The equation of the pair of tangents drawn from the point \( (1, 1) \) to the circle \( x^2 + y^2 + 2x + 2y + 1 = 0 \) is:

• A. \( 3x^2 - 8xy + 3y^2 - 2x - 2y + 6 = 0 \)
• B. \( 11x^2 - 8xy + 11y^2 - 4x - 4y - 6 = 0 \)
• C. \( 3x^2 - 8xy + 3y^2 + 2x + 2y - 2 = 0 \)
• D. \( x^2 - 4xy + y^2 + x + y = 0 \)

Hint:

When solving for the equation of tangents from a point to a circle, complete the square for the circle’s equation and then use the formula for the tangents.

Answer 1

The Correct Option is C

The equation of the circle is given as: \[ x^2 + y^2 + 2x + 2y + 1 = 0 \] Step 1: Complete the square for the circle.
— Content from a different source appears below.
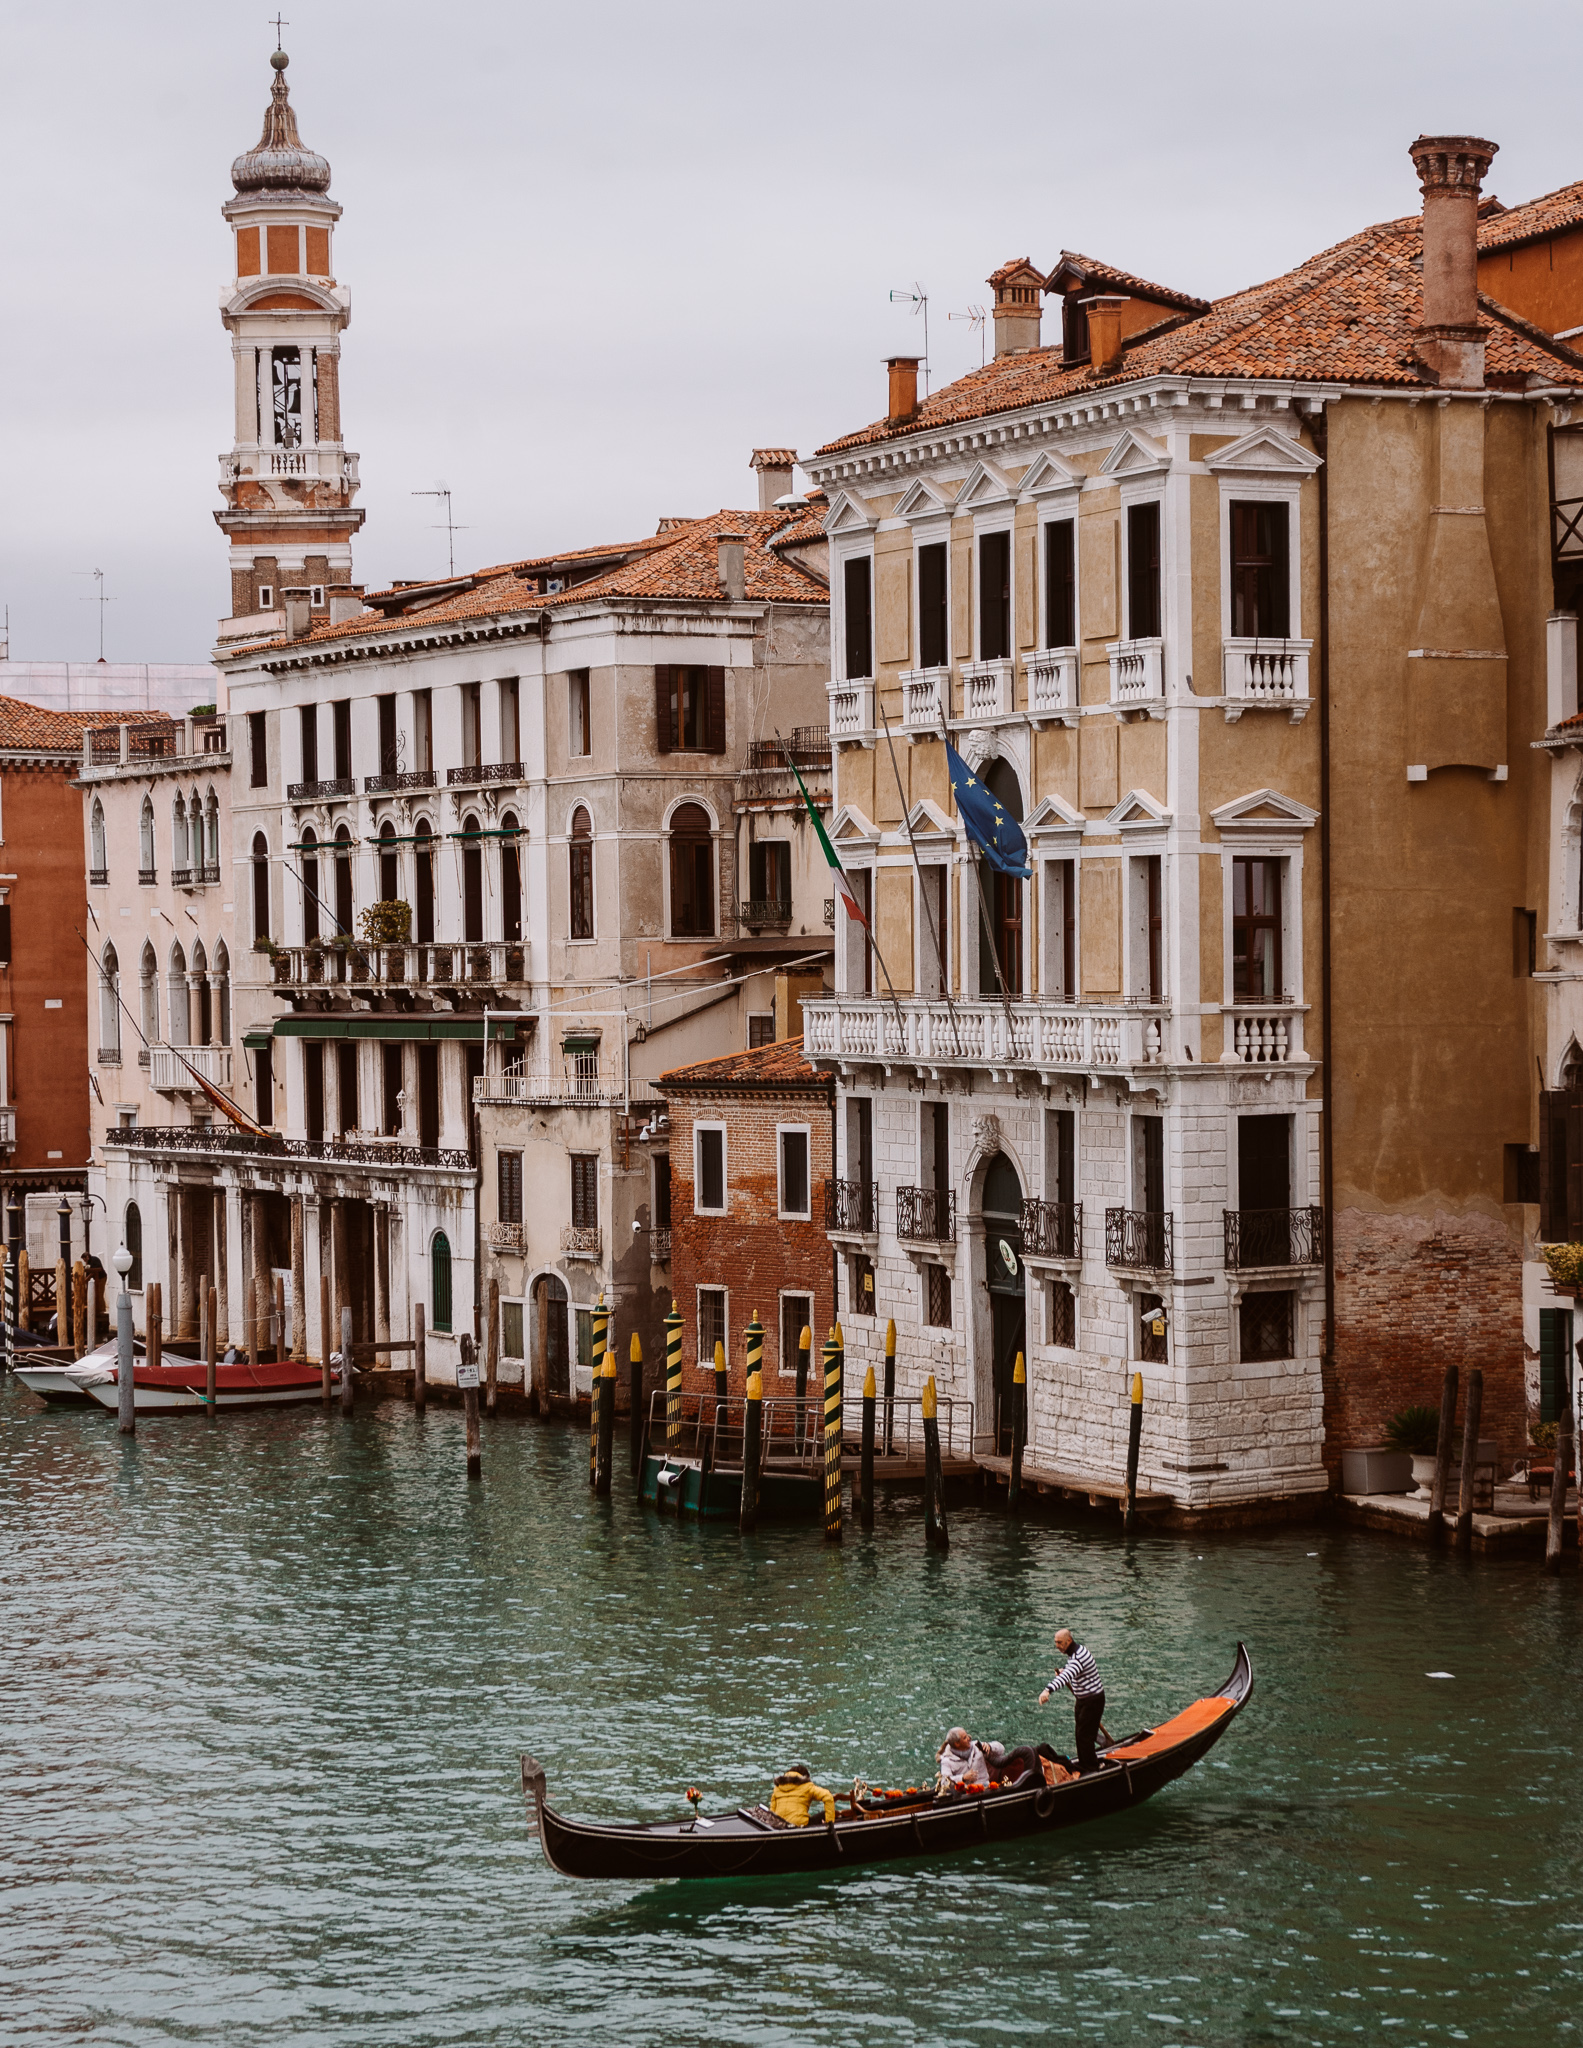 a gondola ride though a canal makes Venice worth visiting

First, complete the square for both \(x\) and \(y\) terms: \[ (x + 1)^2 + (y + 1)^2 = 1 \] So, the center of the circle is \( (-1, -1) \) and the radius is \( 1 \). Step 2: Use the formula for the equation of tangents. The formula for the equation of the pair of tangents from a point \( (x_1, y_1) \) to a circle \( x^2 + y^2 + 2gx + 2fy + c = 0 \) is: \[ T = xx_1 + yy_1 + g(x_1 + x) + f(y_1 + y) + c = 0 \] Substitute the point \( (1, 1) \) and the center \( (-1, -1) \) into the formula to get the equation of the tangents. After simplification, the equation of the tangents is: \[ 3x^2 - 8xy + 3y^2 + 2x + 2y - 2 = 0 \]